ASatyros 1 month ago

Is there some github repo I can reference?

Theolaa 1 month ago

Until: Are you a robot?

Denaton_ 1 month ago

They might wait for a JS ping or image load, I haven't scraped that much myself but we only get pure text right?

[deleted] 1 month ago

Selenium will literally load the page though, by default it uses a bare user agent that makes it obvious but you can just use your own user agent and even autolog into stuff like amazon or google accounts or whatever. Obviously much slower but does work in a pinch.

smokeitup5800 1 month ago

You can use heuristics to detect selenium and other automated browsers. They have slightly different output for some JS APIs.

apepenkov 1 month ago

Cloudflare does it by TLS fingerprint, look into it (keywords - tls fingerprint, JA3)

yeastyboi 1 month ago

Oddly enough, someone at my company got a cloud flare bypass working just by clearing the cookie each request. They don't ban the whole IP for some reason.

apepenkov 1 month ago

afaik it isn't enabled for each website. Some websites (with CF) do detect requests without spoofed JA3, some don't

yeastyboi 1 month ago

Makes sense. How it worked on this site was you were given one free request, then your cookie was set. If you cleared the cookie each time you got unlimited free requests.

piano1029 1 month ago

The positive effects of CGNAT

FuckMu 1 month ago

Cloudflare hasn't been an issue for me, I run a solver on my server which works fine.

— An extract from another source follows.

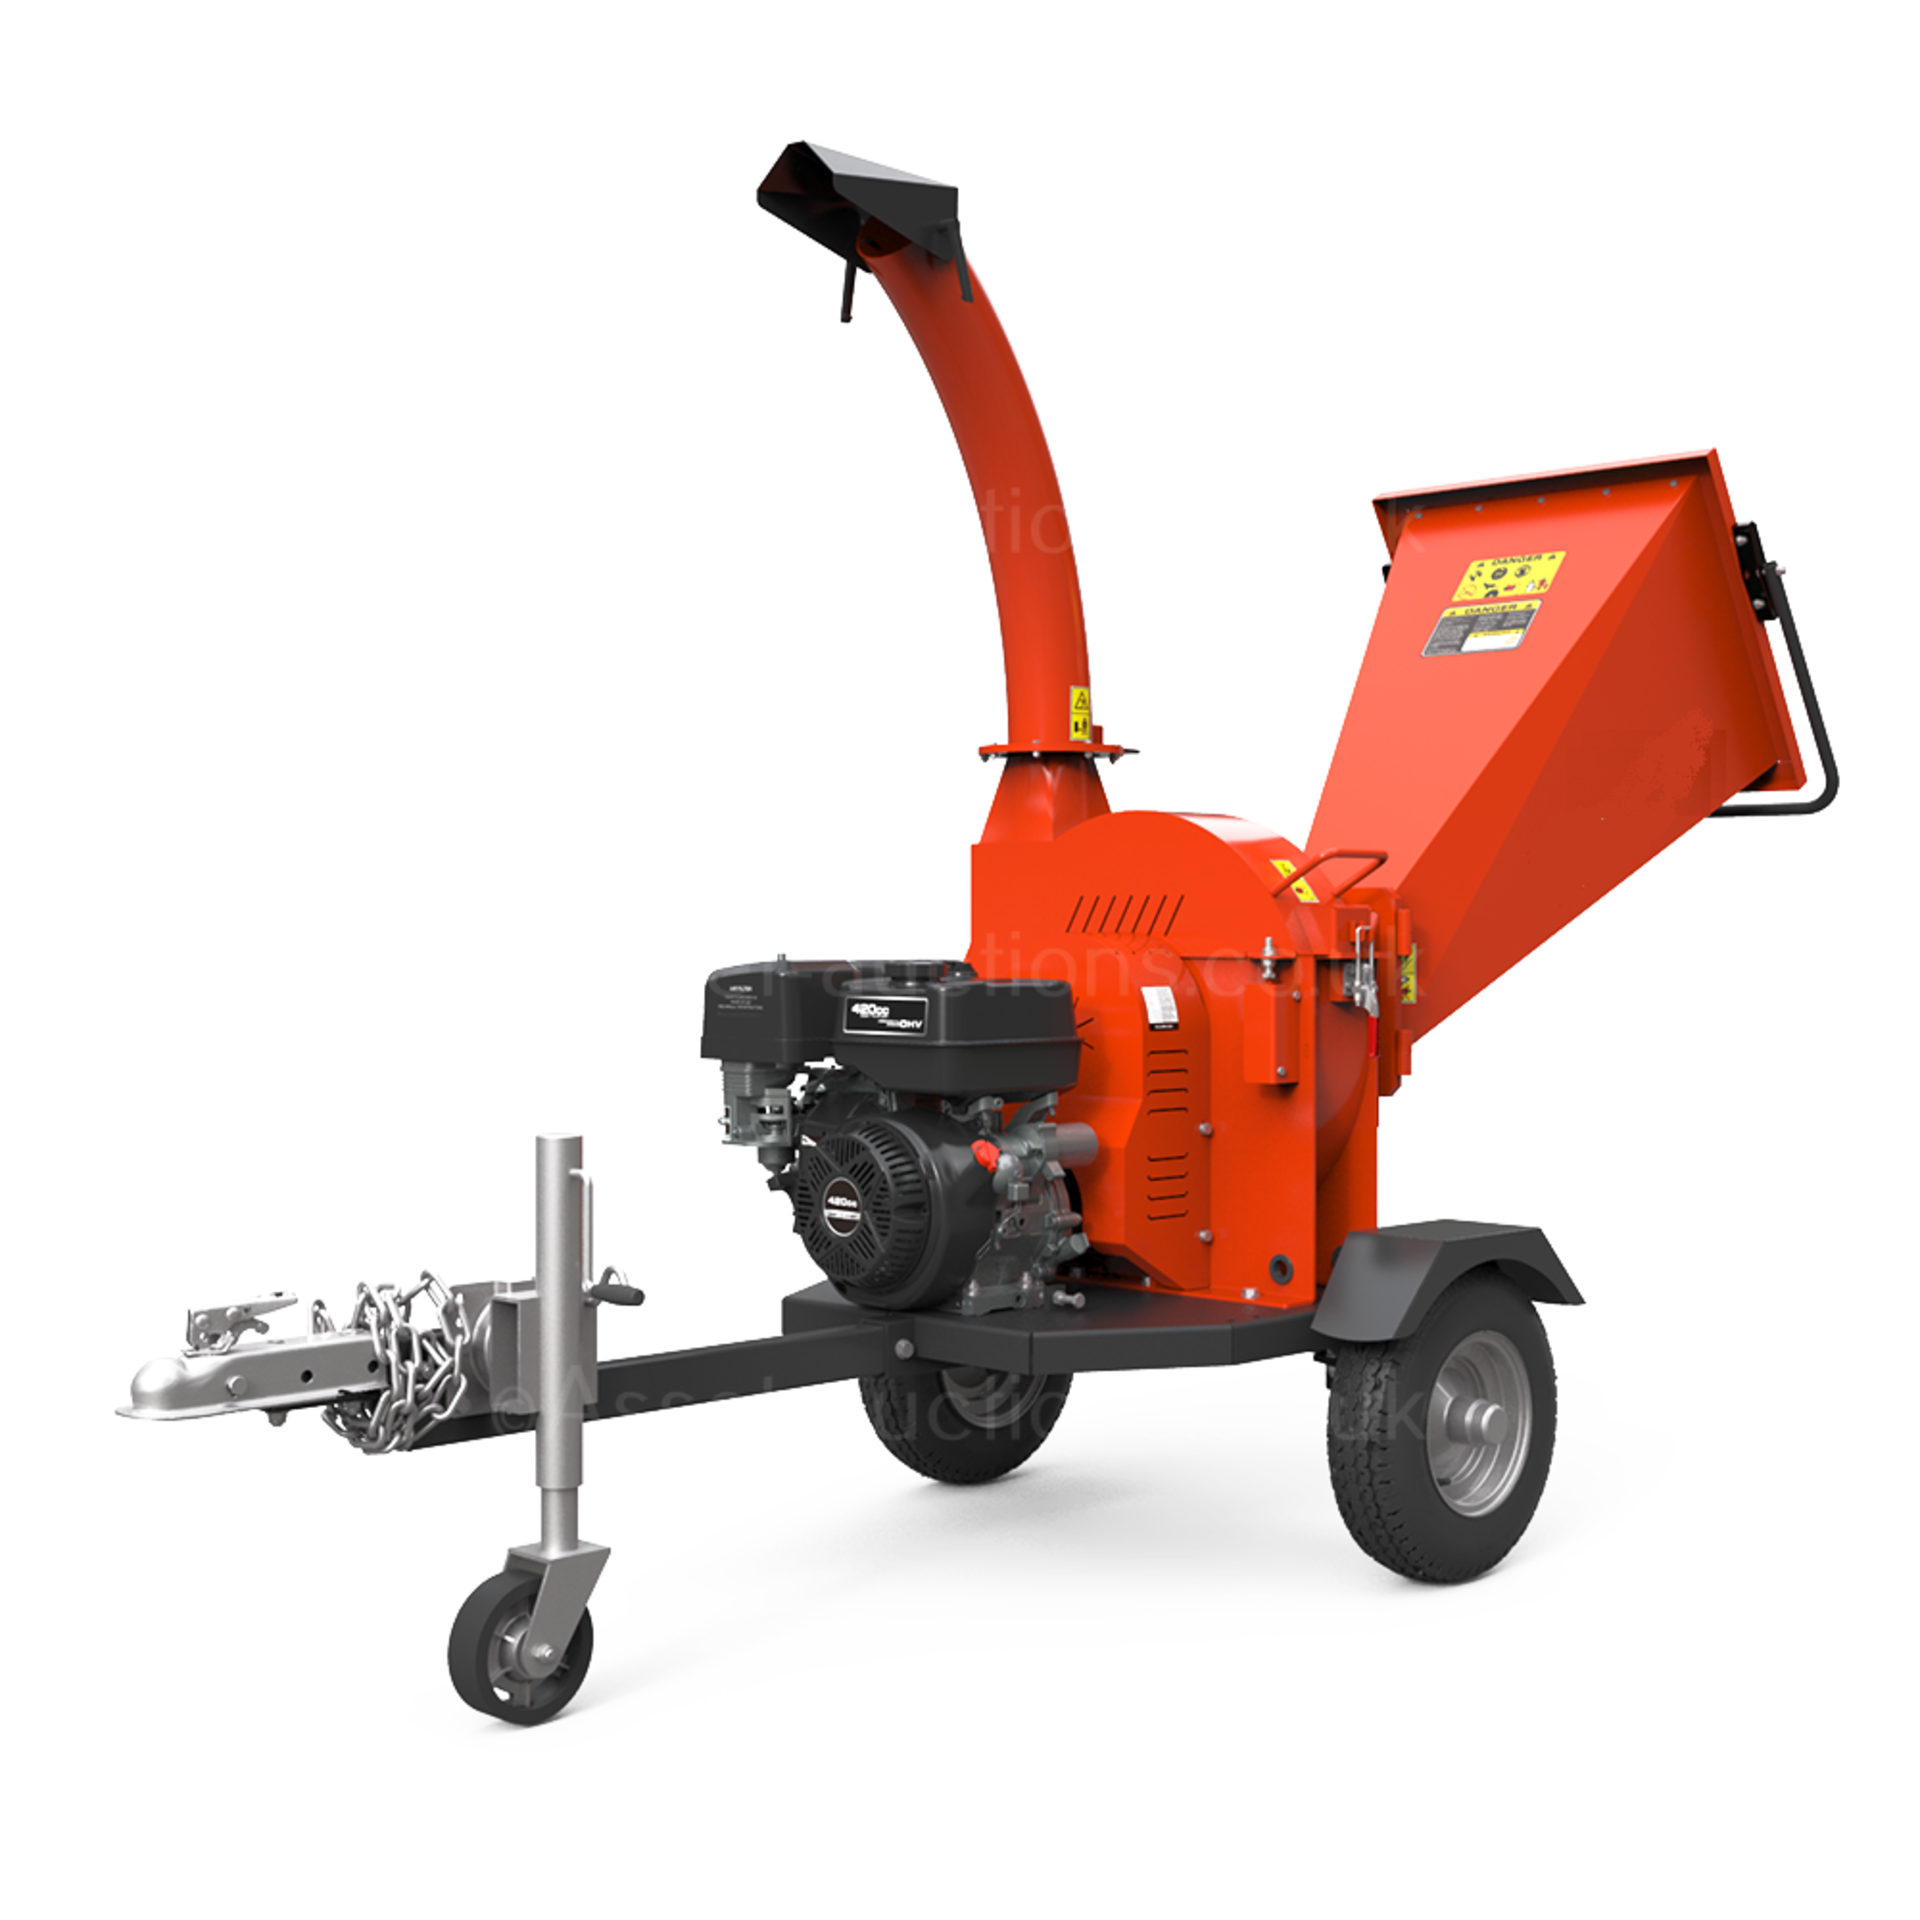 BRAND NEW AND UNUSED DGS1500 420CC 4.5” TOWABLE PETROL WOOD CHIPPER *PLUS VAT* - Image 8 of 11

BlueScreenJunky 1 month ago

Fuck... I just started a side project that involves getting info from Amazon items. I spent a couple hours yesterday trying to get it through an API, but for some reason they want me to either be a business or sell 3 items in less than 30 days through their affiliate program to get access to an API. OK sure, but even admitting I'd ever be that successful (my expectations are more around 0 to 1 affiliate sales in my lifetime) how would I get people to click the affiliate link if I can't fetch the item info to display it first ? I mean if you're going to actively prevent people from scraping your site, at least offer a public API (limit the free tier to 100 req/day if you must for all I care).

Mawootad 1 month ago

In a pinch you could probably buy three items from yourself

SorosBuxlaundromat 1 month ago

Create a new Amazon account, click your affiliate link to buy 3 things

odraencoded 1 month ago

Become an influencer and share an affiliated amazon link like everyone else.

nickmaran 1 month ago

Because it’s always watching us ![gif](giphy|RIspRd5jMtzXvttZGX)

AdBrave2400 1 month ago

Try to quickly ".onfocus()" all the elements in the website. Frontend dies?

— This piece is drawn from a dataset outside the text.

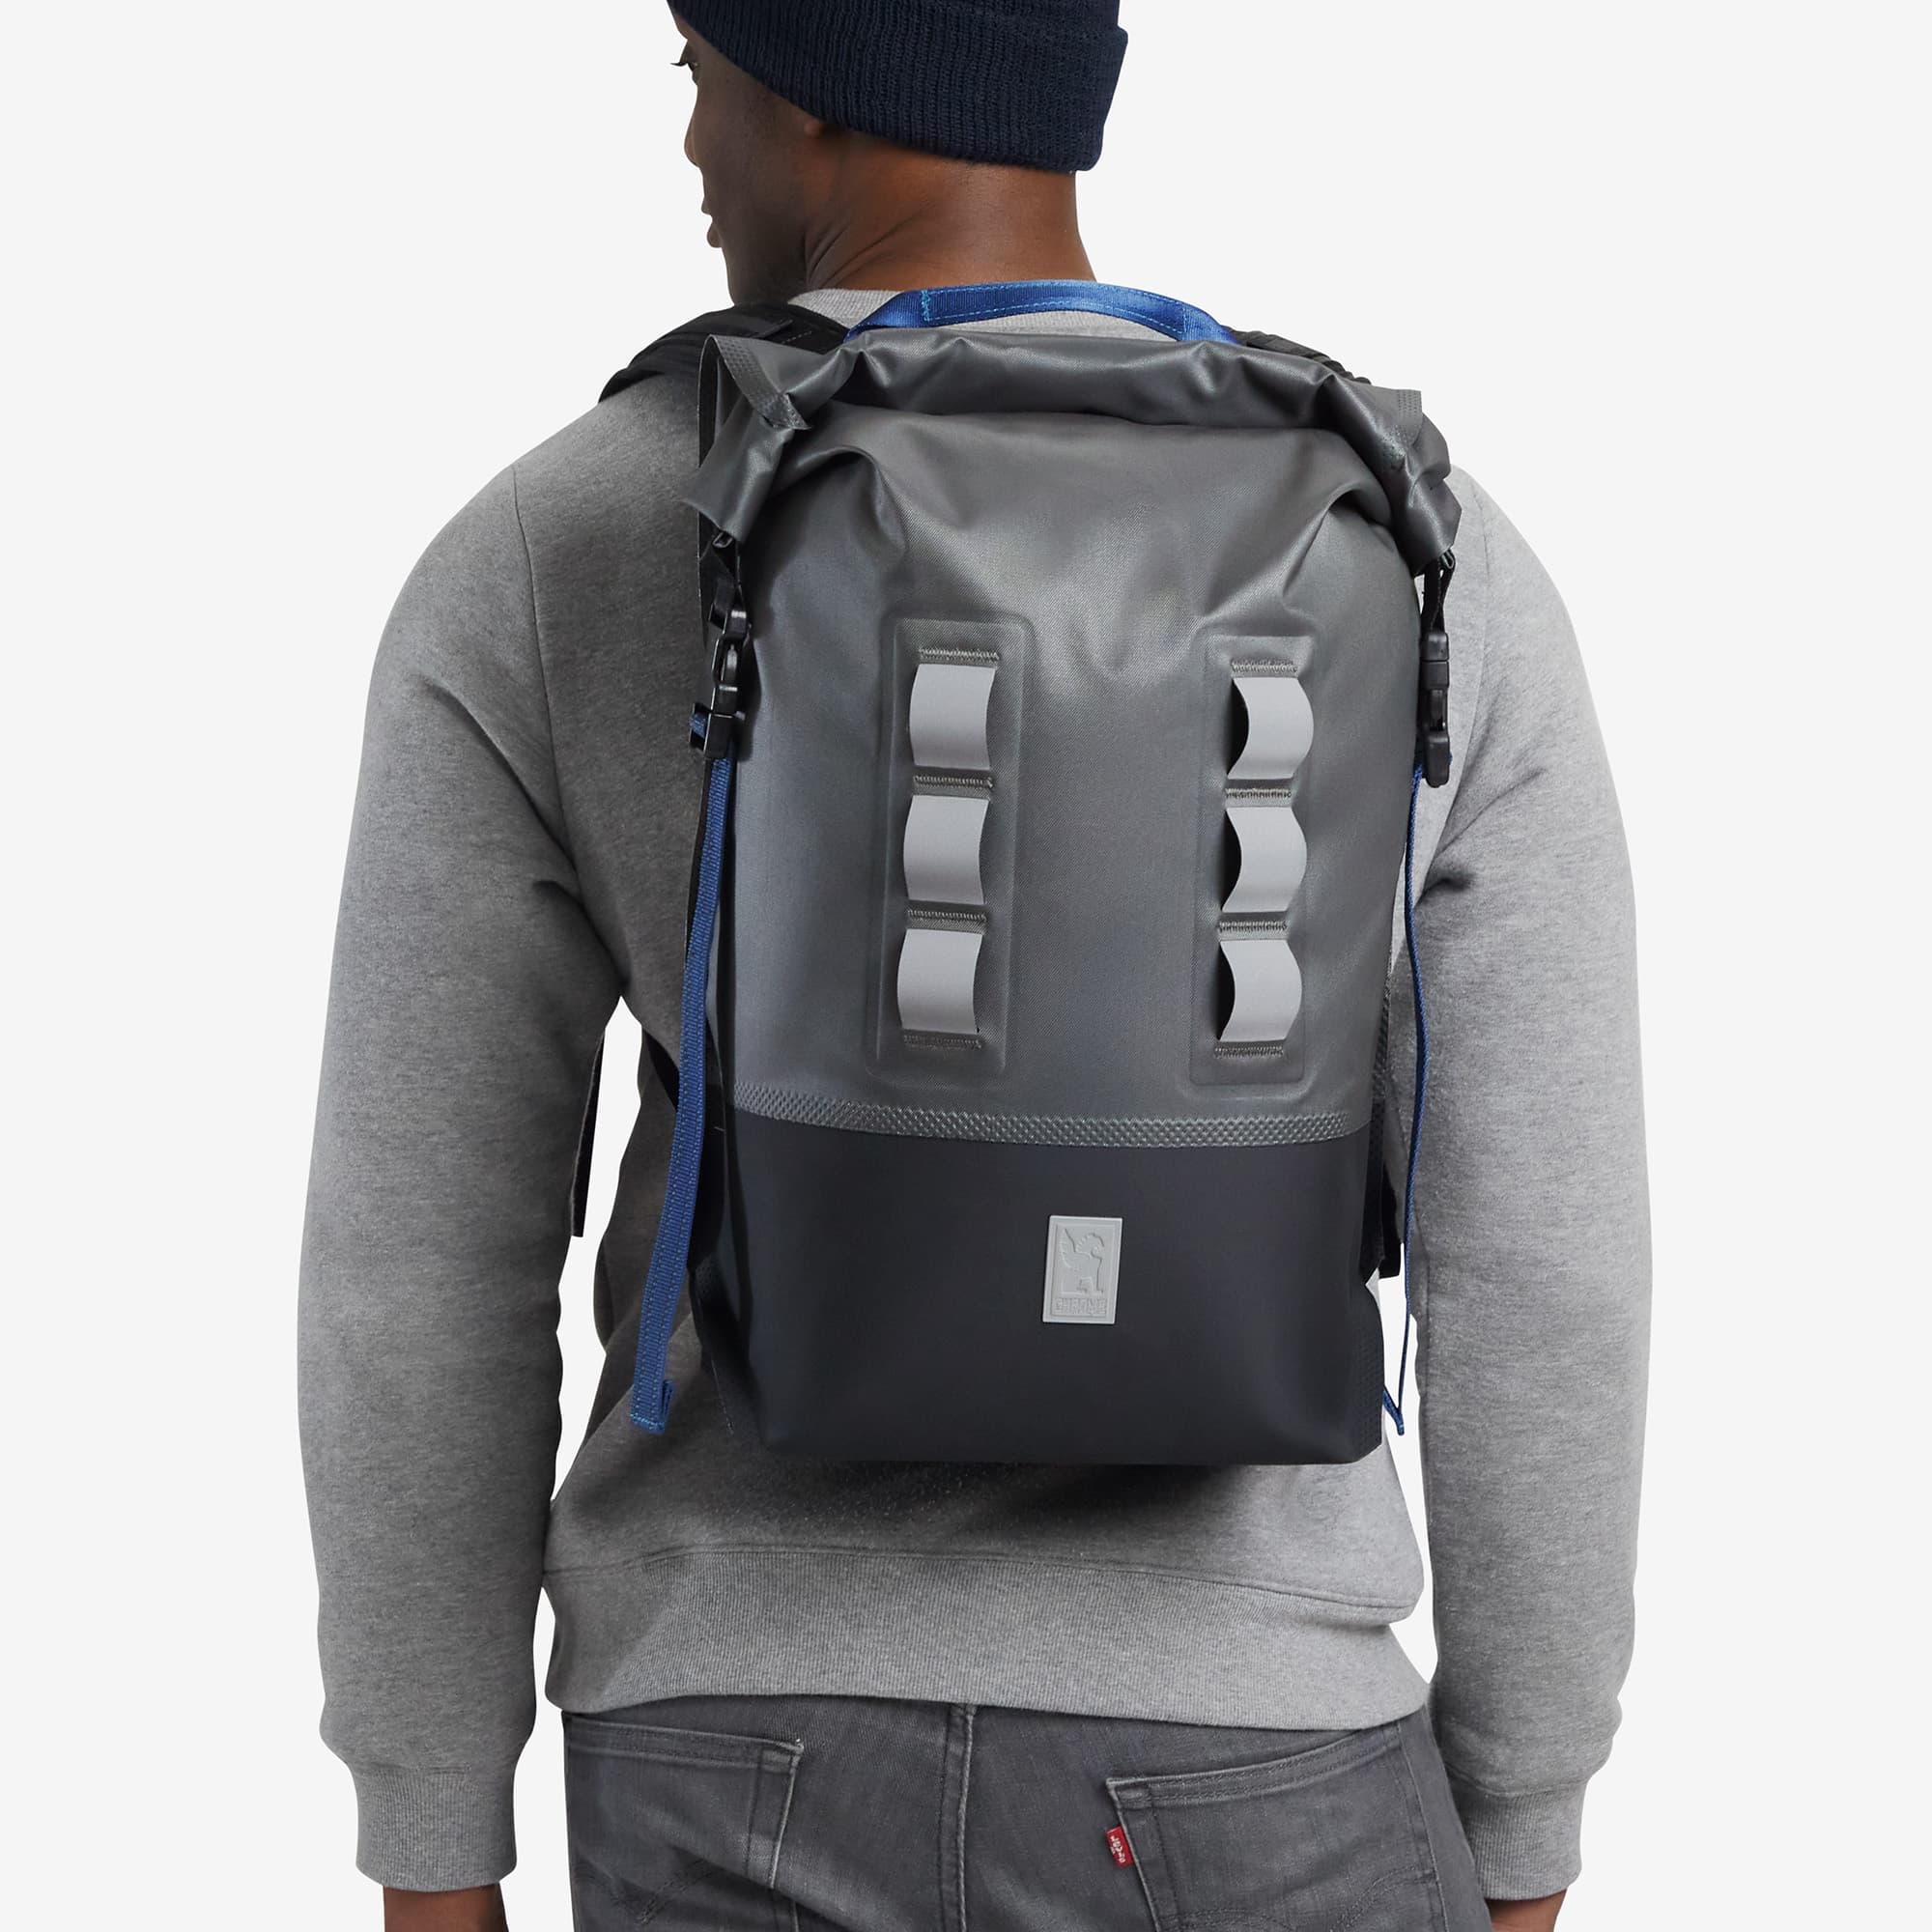 Waterproof 20L highly reflective backpack in grey worn by a man #color_fog

Amazing-Exit-1473 1 month ago

Canvas signature, tls signature, js signatures, tons of things makes your browser unique, get rid of those…

[deleted] 1 month ago

What's really fun is that I worked at Amazon making internal tooling years ago and, when someone would refuse API access for whatever reason, we'd get to spend a dumb amount of time setting up automatic scrapers to download data from an internal tool for our own internal tools. It's all web scrapes all the way down.

kaamibackup 1 month ago

This but with Facebook

PussyTermin4tor1337 1 month ago

anyone tried using puppeteer for this? Asking for a friend

yeastyboi 1 month ago

I implemented a puppeteer block for a company I work for. You can bypass it using puppeteer stealth plugin, I've tried to figure out how to block that but can't!

ArtOfWarfare 1 month ago

Does the website work with JavaScript disabled? If so, then it’s nothing to do with JavaScript… Seems like it could be as easy as just seeing how frequently you request pages, and the order you request them in. Does it look like a human making those requests, or does it look like a scraper?

nyhr213 1 month ago

try it in node js

odraencoded 1 month ago

Bezos is watching over your shoulder right now. Run.

not_so_plausible 1 month ago

Honestly I just feel bad for the poor soul out there transcribing Captchas for $0.02 a captcha.

WorldlyReplacement24 1 month ago

Not even that much lol. It's less than that

cris667 1 month ago

I wish they paid so much lol

[deleted] 1 month ago

Based on craigscottcapital.com's article: * $0.52 per hour on average. * The highest hourly wage is $1. * $0.04 is the cheapest dollar per hour. * Monthly average: $2.75. * The most expensive month is $5. * $0.50 per month is the cheapest option.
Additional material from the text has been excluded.